On May 25, 1923, the United Kingdom formally recognized Transjordan as an independent state under British oversight, and with Abdullah as emir. Military and economic affairs, as well as foreign policy, were still controlled by the British envoy, and in 1926–27 a Trans-Jordanian army (Arab Legion) was established with British support, led by British officers. In 1928, internal self-government was expanded; then Transjordan was given the right to send consuls to other Arab states. In 1925, Abdullah Ma’an and Aqaba incorporated into the kingdom, thus securing access to the sea. During World War II, Jordan played an important role in the region, and the Arab legion helped to defeat a pro-German uprising in Iraq.
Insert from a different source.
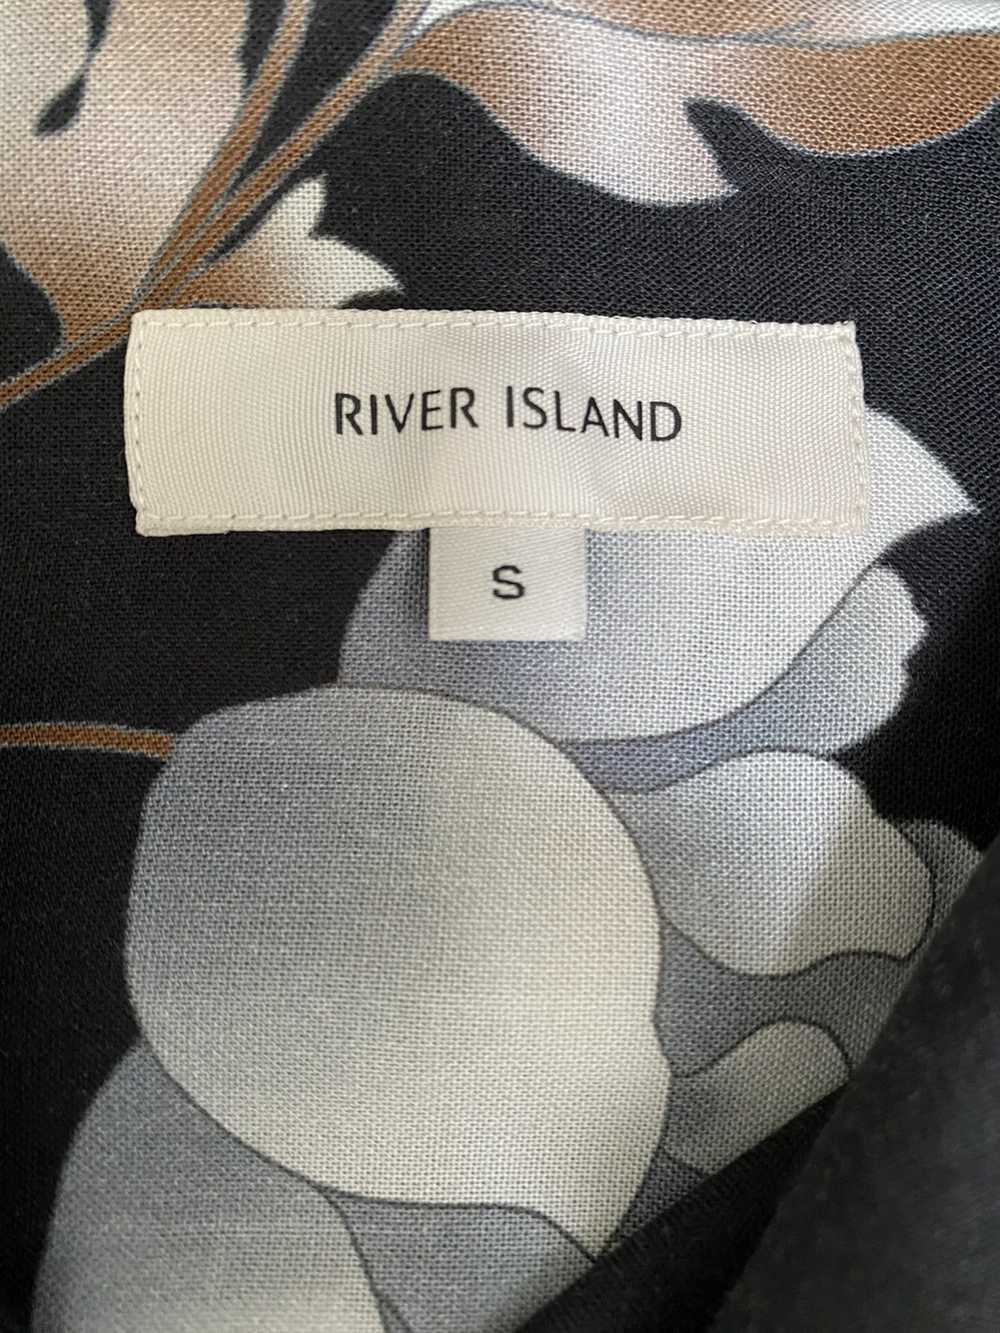 River Island Floral shirt black x vintage aesthet… - image 3

To see more information other than history, please visit AbbreviationFinder for geography, history, society, politics, and economy of Jordan.

The Independent Jordan

History Timeline of Jordan

On May 25, 1946, full independence was achieved, when Abdullah 1 was proclaimed king, in what from 1949 was called the Hashemite Kingdom of Jordan. The United Kingdom maintained certain rights, including military facilities, to provide financial assistance to the new state.
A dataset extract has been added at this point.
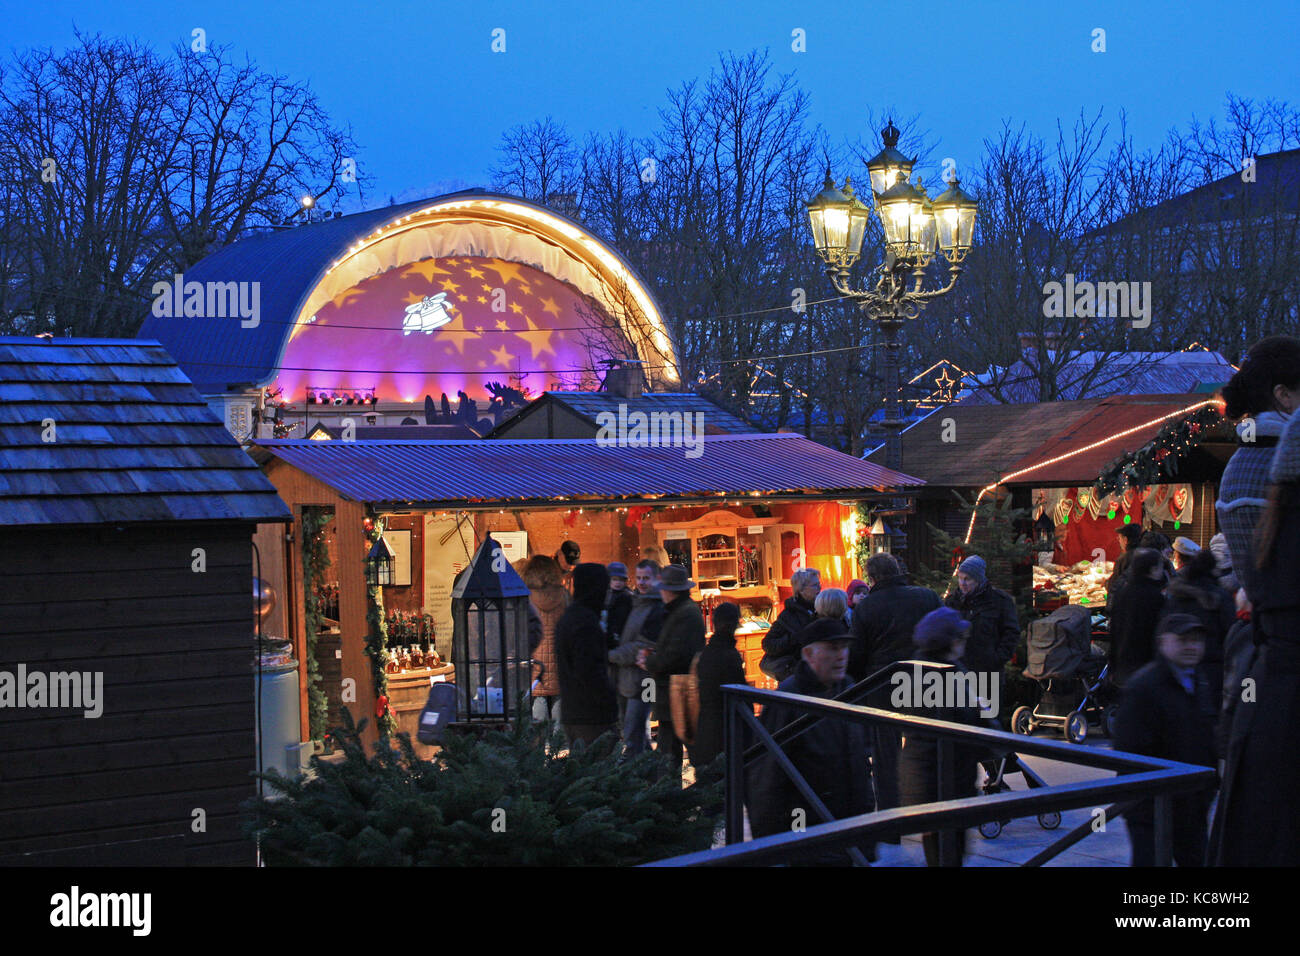 Weihnachtsmarkt, Christkindelsmarkt Baden-Baden Stock Photo

King Abdullah had an ambition to create a Greater Syria, which also included Palestine and Jordan, and which would absorb Iraq. The plan was met with opposition from both Egypt and Saudi Arabia, which did not want any strengthening of the Hashemite royal house, as well as the Zionists and France.

A political main concern for the new state, then as later, was the development of the remaining part of the British mandate Palestine. When Israel was founded in 1948, Jordan joined the Arab attack on the new state and occupied the so-called West Bank (Jordan River) and East Jerusalem. This territory was annexed and incorporated into Jordan in 1950 – with the support of the United Kingdom but for protests in the Arab world. Many Palestinians saw this as a betrayal, and a Palestinian nationalist was assassinated in 1951 King Abdullah in Jerusalem. His son Talal became new king but was mentally ill and abdicated the following year. Then his son Prince Hussein was proclaimed king, 16 years old. He ascended the throne when he turned 18, in 1953. King Hussein sat on the throne until his death in 1999, and was succeeded by his son Abdullah 2.
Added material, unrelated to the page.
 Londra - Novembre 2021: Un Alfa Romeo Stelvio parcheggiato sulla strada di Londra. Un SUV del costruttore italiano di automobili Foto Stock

King Hussein continued throughout his years in power the balancing act that has characterized Jordanian politics, both internally and externally: internally between the large Palestinian people (from the West Bank) who are Jordanian citizens, and eventually constitute a majority of the population, and the original transjordanians. (from the East Bank); externally between maintaining good relations with the West and at the same time identifying with the Arab world and taking part in the struggle for an independent Palestine – against an Israel supported by the West.

After the 1956 war (the Suez crisis), the king dismissed his British advisers, and a new agreement in 1957 meant that the last British troops were withdrawn from Jordan. The king’s position was militarily threatened from the mid-1960s onwards by the Palestinian Liberation Movement (PLO), which then had its headquarters in Jordan. The West Bank and East Jerusalem, which Jordan conquered in 1948, were conquered by Israel during the Six Day War in 1967. Thus, Jordan also lost the rich agricultural areas of the Jericho Valley and many tourist attractions in the Holy Land. While Jordan participated in the Six Day War, the country abstained from participation in the October War in 1973.

Palestine question

As a result of Israel’s creation in 1948, over half a million Palestinians have fled to Jordan. During the second Gulf War, 1990–91, approximately 300,000 Palestinians fled from Kuwait to Jordan. As of 2016, approximately 2.1 million Palestinian refugees were registered in Jordan, and about half – perhaps more – of the country’s population is of Palestinian origin.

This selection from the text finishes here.